Stored data —
--------

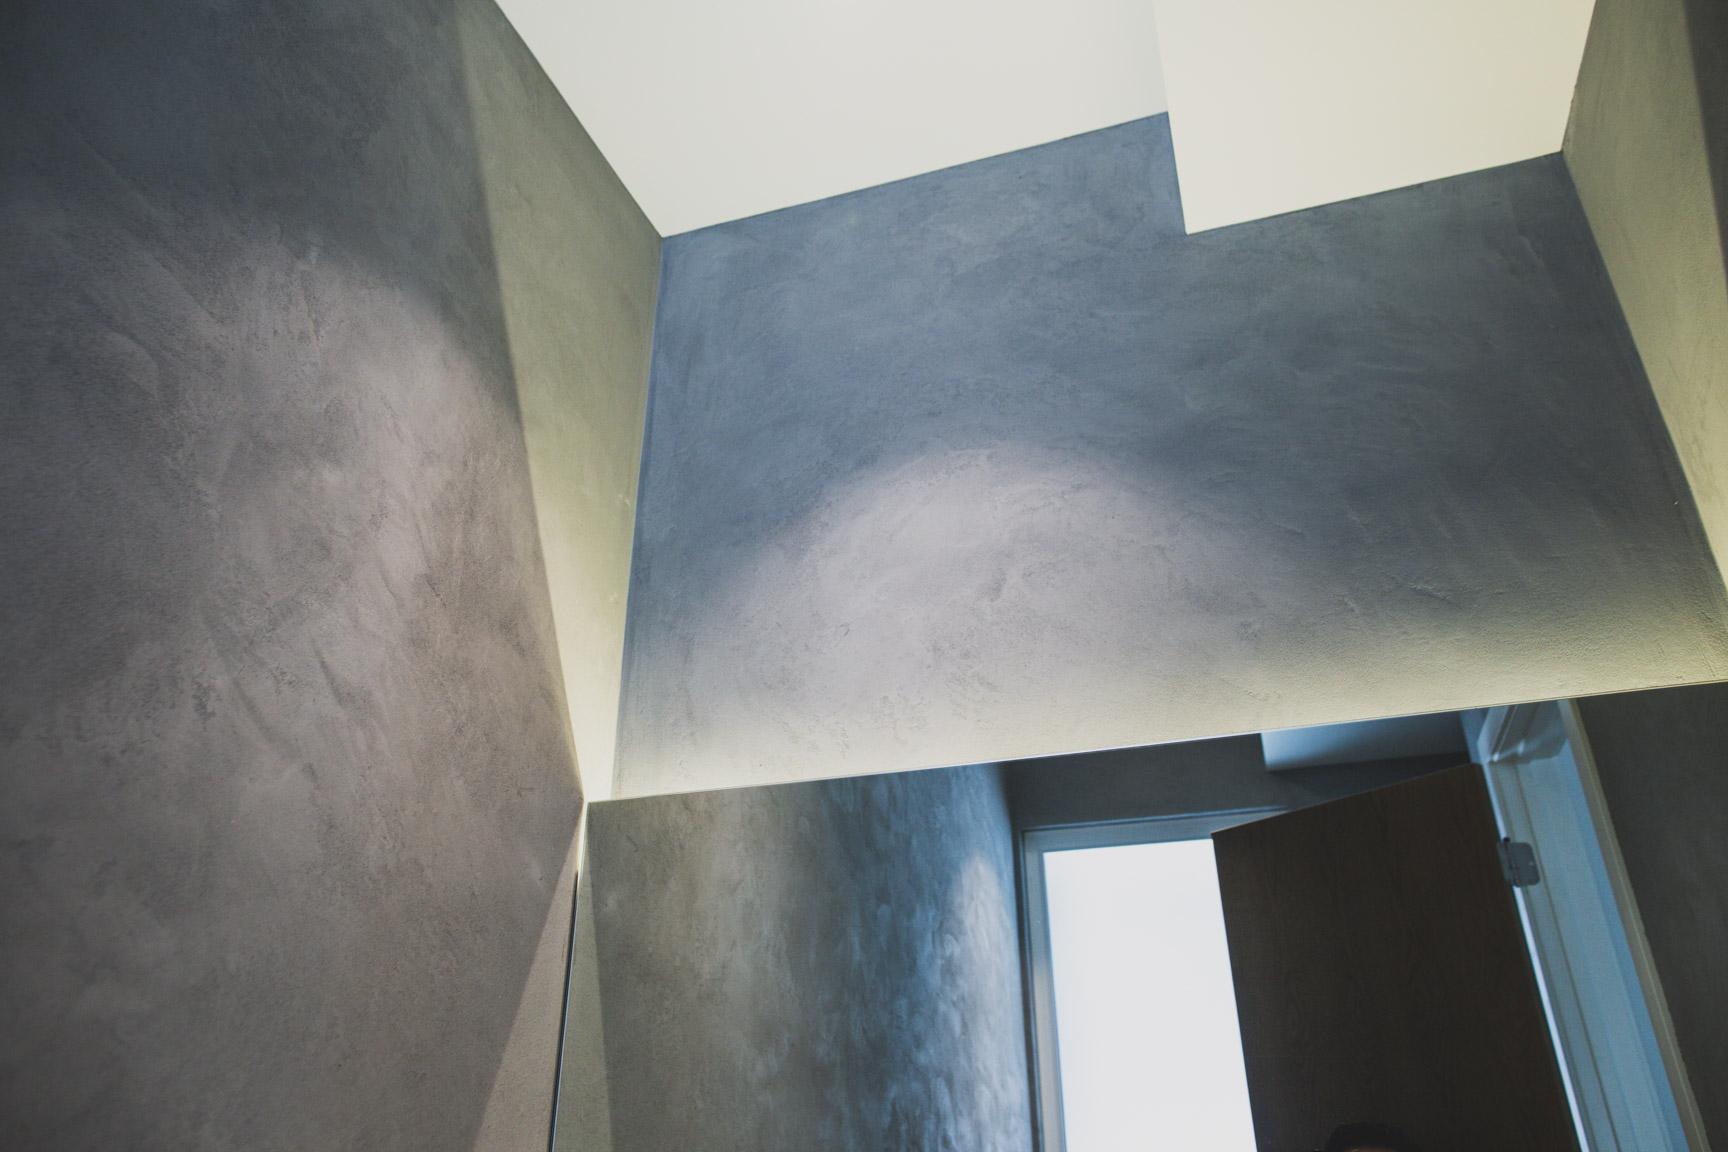 surfacedesign-26.jpg
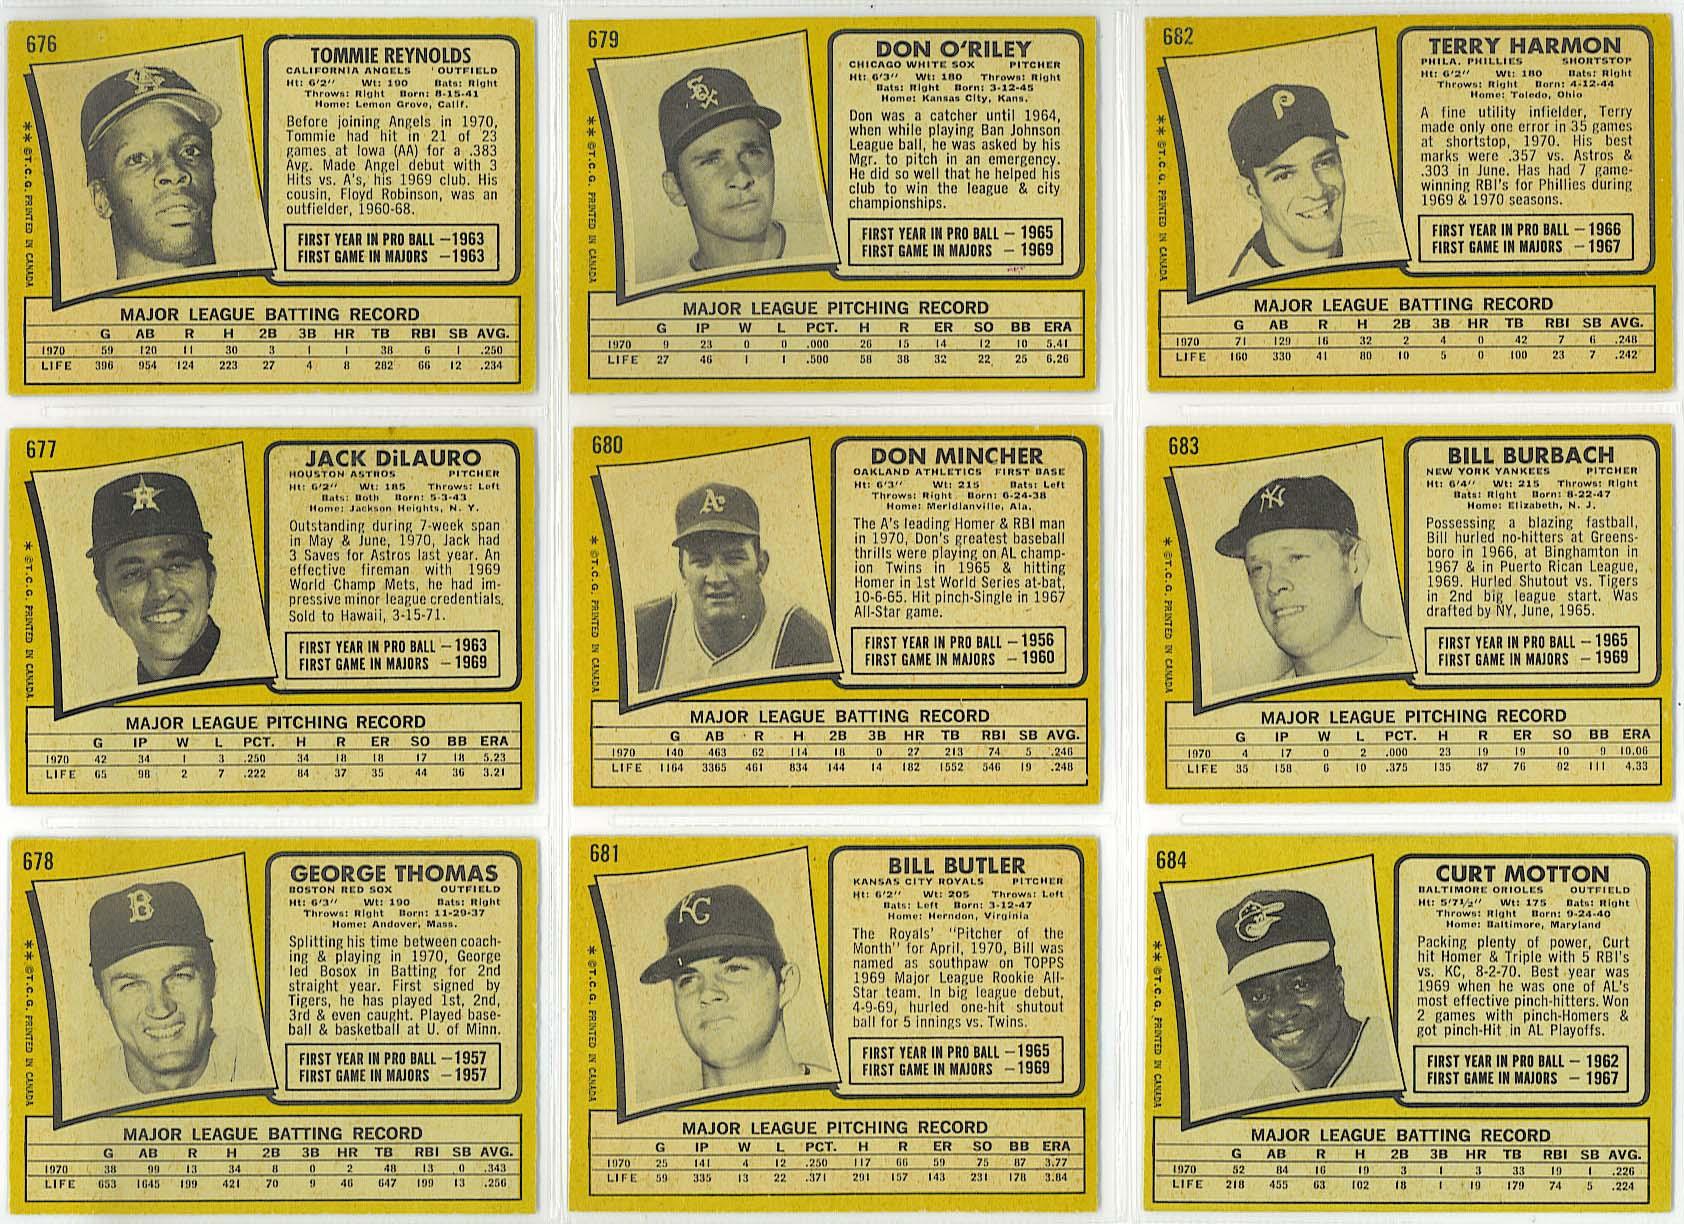 1971 OPC baseball - cards 676-684 backs
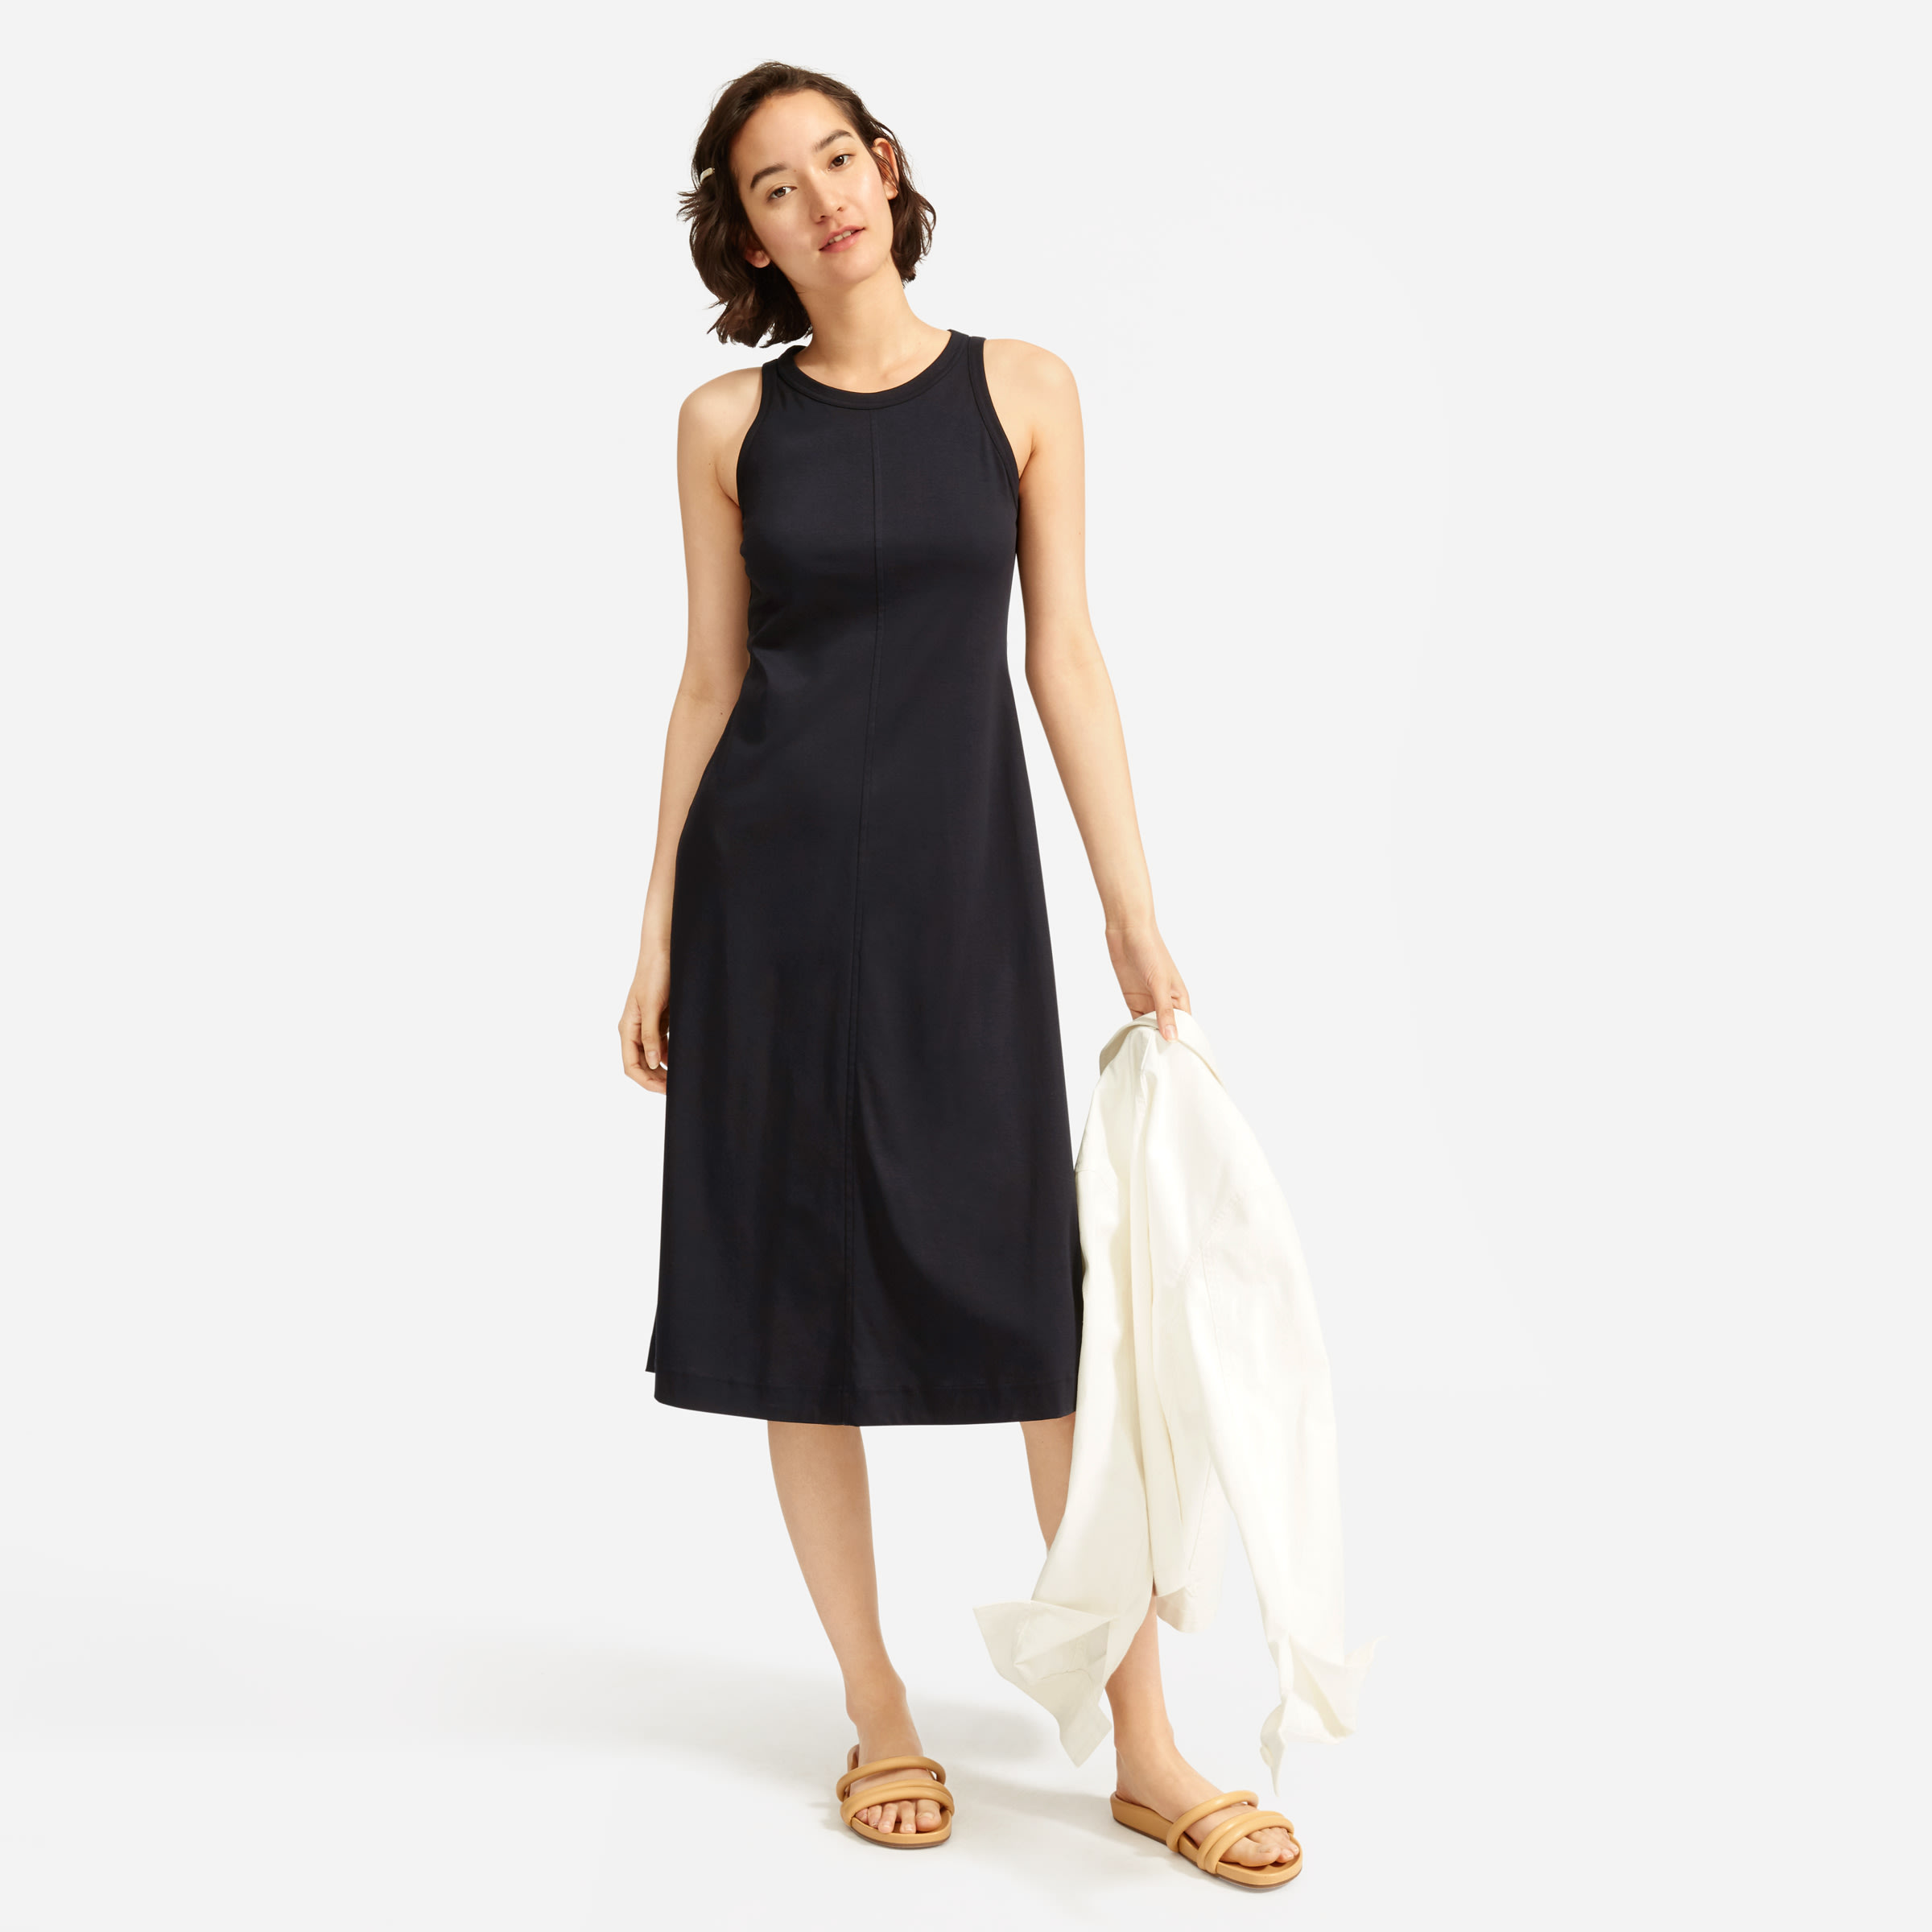 9ed6bd4e789f38 Women's Dresses & Jumpsuits – Tank, Tee, Cami Dresses & More | Everlane

--------

Prompt — All text in the material above must be written out exactly; the images are to be skipped.

Your response —
 surfacedesign-26.jpg
 1971 OPC baseball - cards 676-684 backs
 9ed6bd4e789f38 Women's Dresses & Jumpsuits – Tank, Tee, Cami Dresses & More | Everlane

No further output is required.